Maine’s critics have been known to observe that we can be small-minded people. We don’t feel comfortable with big government or big organizations. Town meeting is where we get involved politically, not Augusta or Washington. Invariably when some businessman rides into town with a big idea that’s going to generate millions of new tax dollars and hundreds of new jobs, the proposal gets shot down before the developer realizes what’s hit him. LNG is only the latest in a long string of big ideas that have gone aground on small town rocks. Against this backdrop, it shouldn’t be surprising that recent proposals for consolidating expensive government services have so few vocal supporters.

Among islanders, the consolidation issue has recently come into sharp focus over the school board decision in Cumberland to “consolidate” Chebeague Island’s 4th and 5th graders into the district’s elementary school on the mainland from their current two-room schoolhouse on island. The proposal would have perhaps saved the town $48,000, a figure the islanders dispute, but after over 100 islanders showed up a school board meeting to protest the decision, it was withdrawn for the upcoming school year. School board members spoke ominously, however, of revisiting the proposal next year in the interests of determining whether Chebeague Island’s small school is giving its students the best education they can get. Fair enough.

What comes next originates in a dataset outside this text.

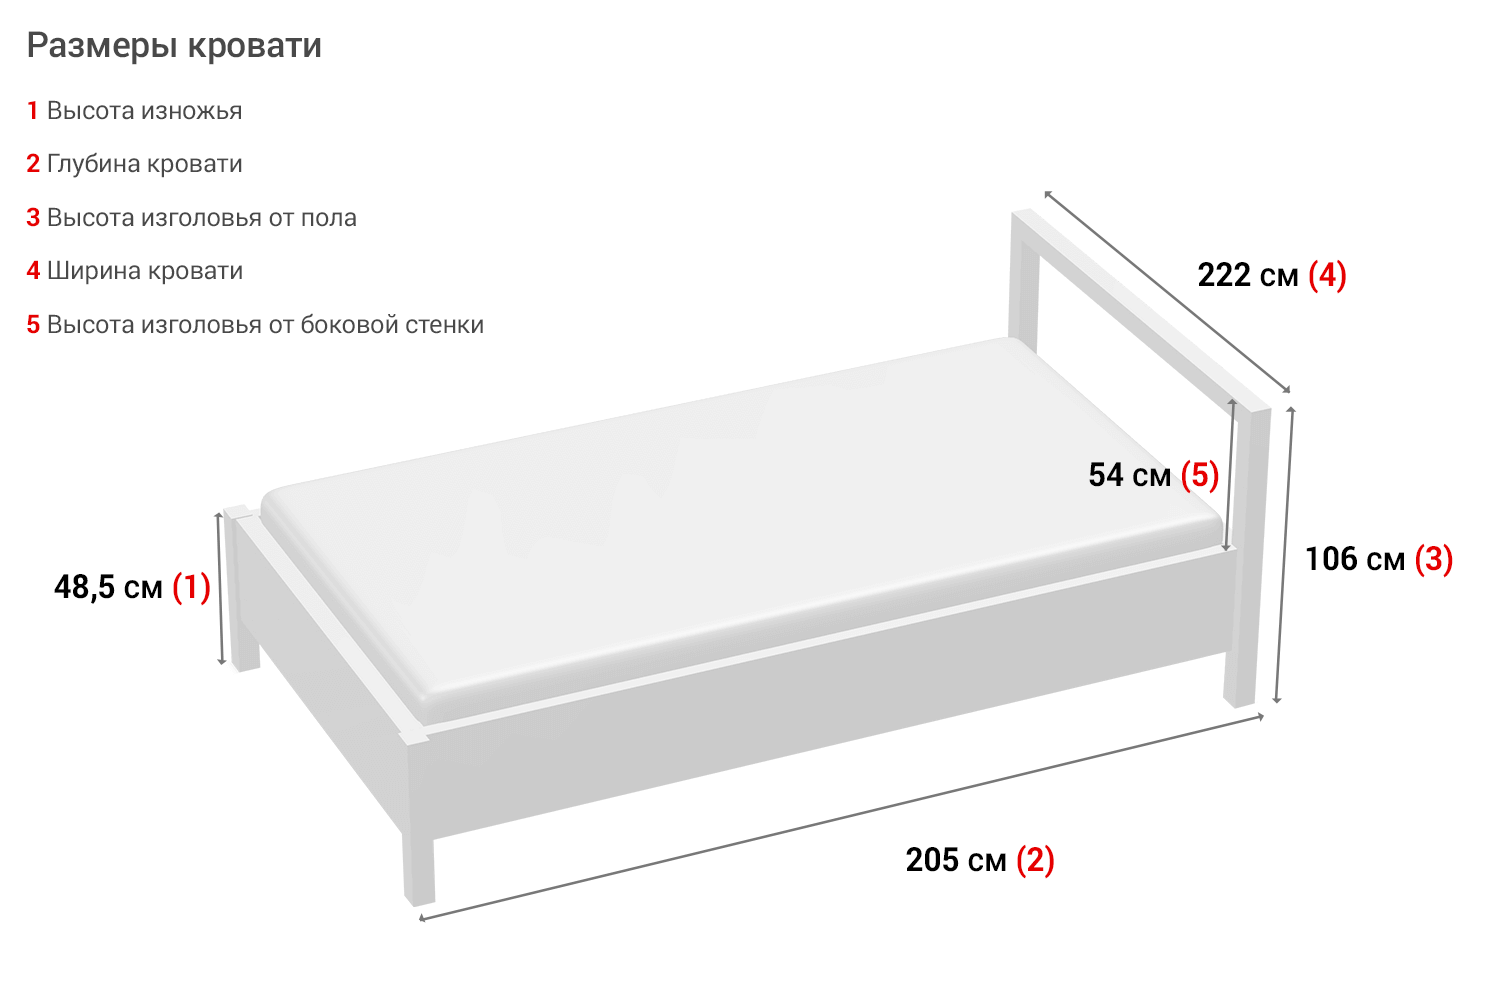 Какие бывают размеры матрасов для взрослой и детской кровати

When we look around at island schools — there are 14 of them between Peaks Island off Portland and Islesford off Mount Desert — we find all kinds of different configurations. Three islands, Vinalhaven, North Haven and Islesboro, have full K-12 schools. The four Casco Bay island schools on Cliff, Chebeague, Long and Peaks are K-5 schools with middle and high school students ferried to the mainland. Similarly, students from Swan’s Island and Islesford attend Mount Desert High School on the mainland after 8th grade. Isle au Haut has a one-room school, after which students must board ashore, as do students from Frenchboro and Monhegan’s one-room schools after 8th grade. Matinicus currently has one student enrolled in the smallest school in the state.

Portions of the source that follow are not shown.